Soon thereafter Tony Hunter and Bartholomew M. Sefton of the Salk Institute for Biological Studies reported that pp60v-src attaches phosphate ions specifically to the amino acid tyrosine. That put pp60v-src outside the known classes of protein kinases, which phosphorylate the amino acids serine and threonine. The phosphorylation of tyrosine has turned out to be a common characteristic of oncogene-encoded enzymes; surprisingly, it also has a role in regulating the growth of normal cells.
Not many years ago phosphate appeared to most biologists to be a mundane material and its transfer to proteins a humble event. Now it is clear that the phosphorylation of proteins is one of the central means by which the activities of growing cells are governed. One enzyme, by phosphorylating a number of proteins, can vastly alter the functioning of a cell. In the case of pp60v-src two modes of action have been proposed. The enzyme could phosphorylate a single protein, precipitating a cascade of events that together give rise to the properties of a cancer cell; alternatively, the enzyme could phosphorylate numerous proteins, directly affecting the functions of each of them and perhaps precipitating secondary events or even cascades in turn. What little is known at the moment makes it seem likely that the second alternative correctly describes the action of pp60v-src.

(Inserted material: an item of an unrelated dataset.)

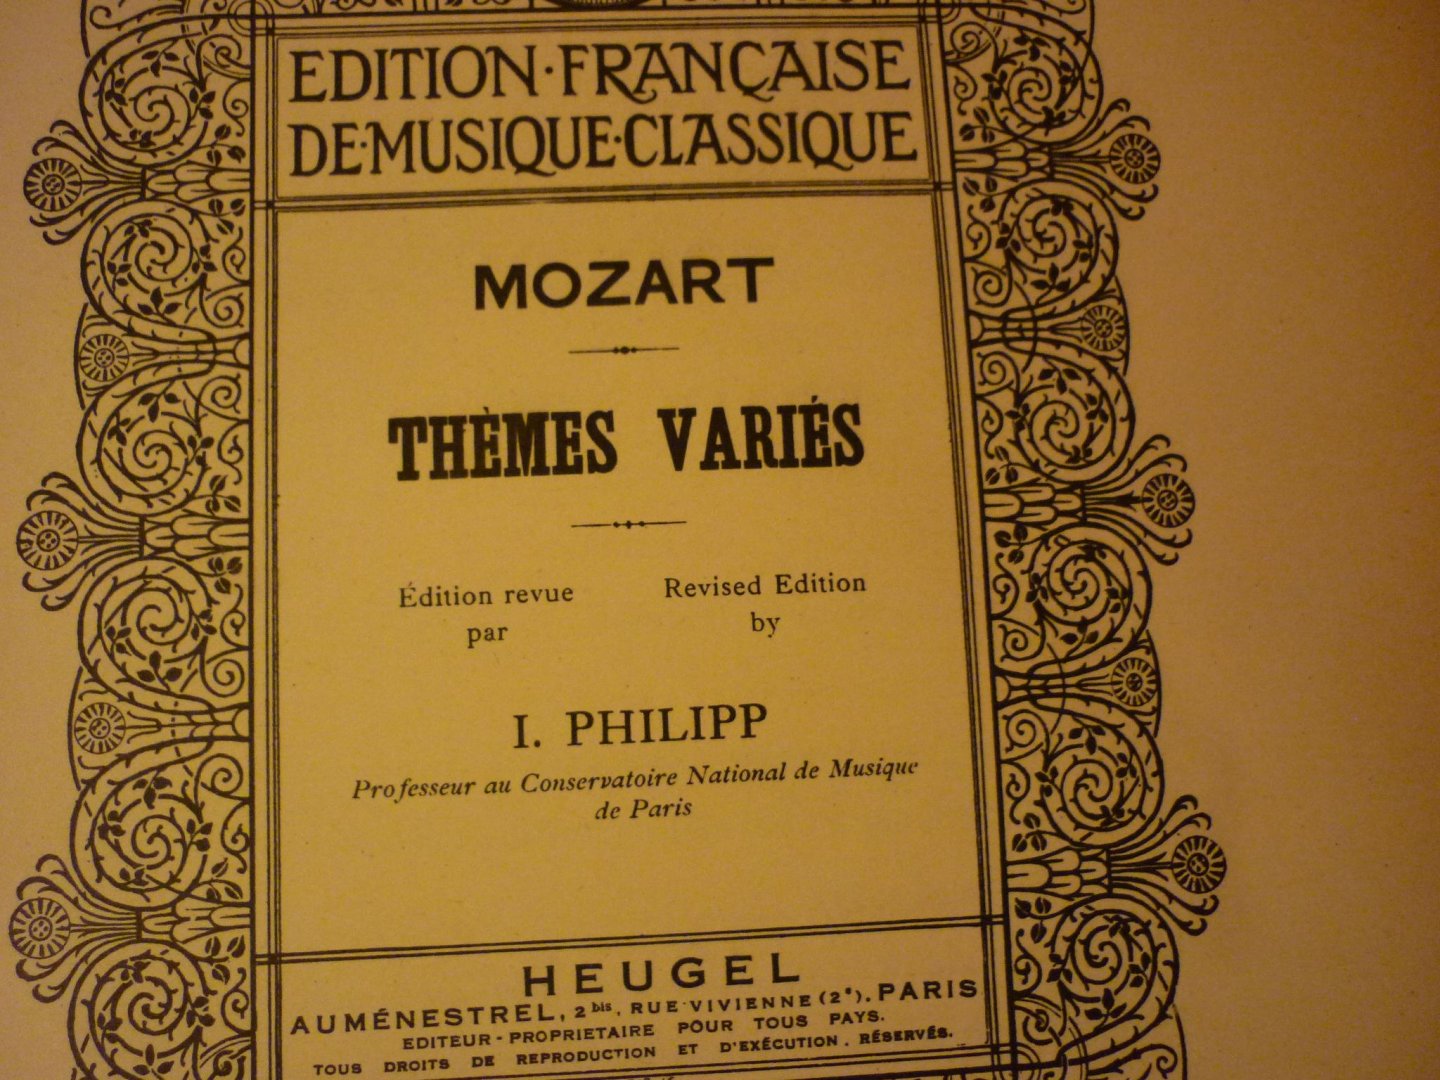 Mozart. W.A. (1756 – 1791) - Themes varies; Edition Francaise; De Musique-Classique (Revised edition by I. Philipp)

Can the phosphorylation of tyrosine subunits in cellular proteins account for the ability of src to induce tumors? Hunter and his colleagues have shown that the amount of phosphorylated tyrosine in a cell increases approximately tenfold as a result of transformation by src. The increase is regarded as a manifestation of the activity of pp60v-src. The critical questions now are: What cellular proteins are phosphorylated by the enzyme and what are their functions? There are only a few clues, none of which can yet account for the unrestrained growth of the tumors induced by src. The pursuit of targets for pp60v-src is under way in many laboratories.
Site of Action
One approach is to find out where in the cell pp60v-src acts, in the hope of learning what proteins it affects and what those proteins do. Early studies indicated that the products of viral oncogenes might take up residence in the nucleus of the cell, where they could meddle directly with the apparatus responsible for replicating the cellular DNA and so drive the cell to unrestrained growth. Experiments by Hartmut Beug and Thomas Graf of the Max Planck Institute for Virus Research in Tübingen showed, however, that the effects of the src protein can be detected even in cells from which the nucleus has been removed. It came as no surprise, then, when several workers found that little if any of the pp60v-src in transformed cells is in the nucleus. Most of the protein is at the other extreme of the cell: it is bound to the plasma membrane, the thin film that encloses the cell and mediates its interactions with the outside world. Many cell biologists have argued that the control of cell growth may originate at the plasma membrane and its associated structures.
Inspection of the plasma membrane of cells transformed by src has provided the first correlation between the action of pp60v-src on a specific cellular protein and one of the typical changes in structure and function seen in cancer cells. By means of specialized techniques of photomicroscopy Larry R. Rohrschneider of the Fred Hutchinson Cancer Research Center in Seattle was able to demonstrate that pp60v-src is concentrated in adhesion plaques: regions of the membrane that adhere to solid surfaces. In cancer cells the adhesion plaques are dismantled; the resulting decrease in cell adhesion may contribute to the ease with which most cancer cells break away from their tissue of origin and metastasize to other sites.
Rohrschneider’s findings suggested that pp60v-src might dismantle adhesion plaques by phosphorylating one of their component proteins, or perhaps several of those proteins. Pursuing that suggestion, Sefton and S. J. Singer of the University of California at San Diego showed that pp60v-src phosphorylates a tyrosine unit in vinculin, a protein that is a constituent of normal adhesion plaques and becomes dispersed throughout the cell following transformation by src. It seems reasonable to suggest that the phosphorylation of vinculin precipitates the dismantling of adhesion plaques, but the importance of such events in the unruly behavior of cancer cells has yet to be established.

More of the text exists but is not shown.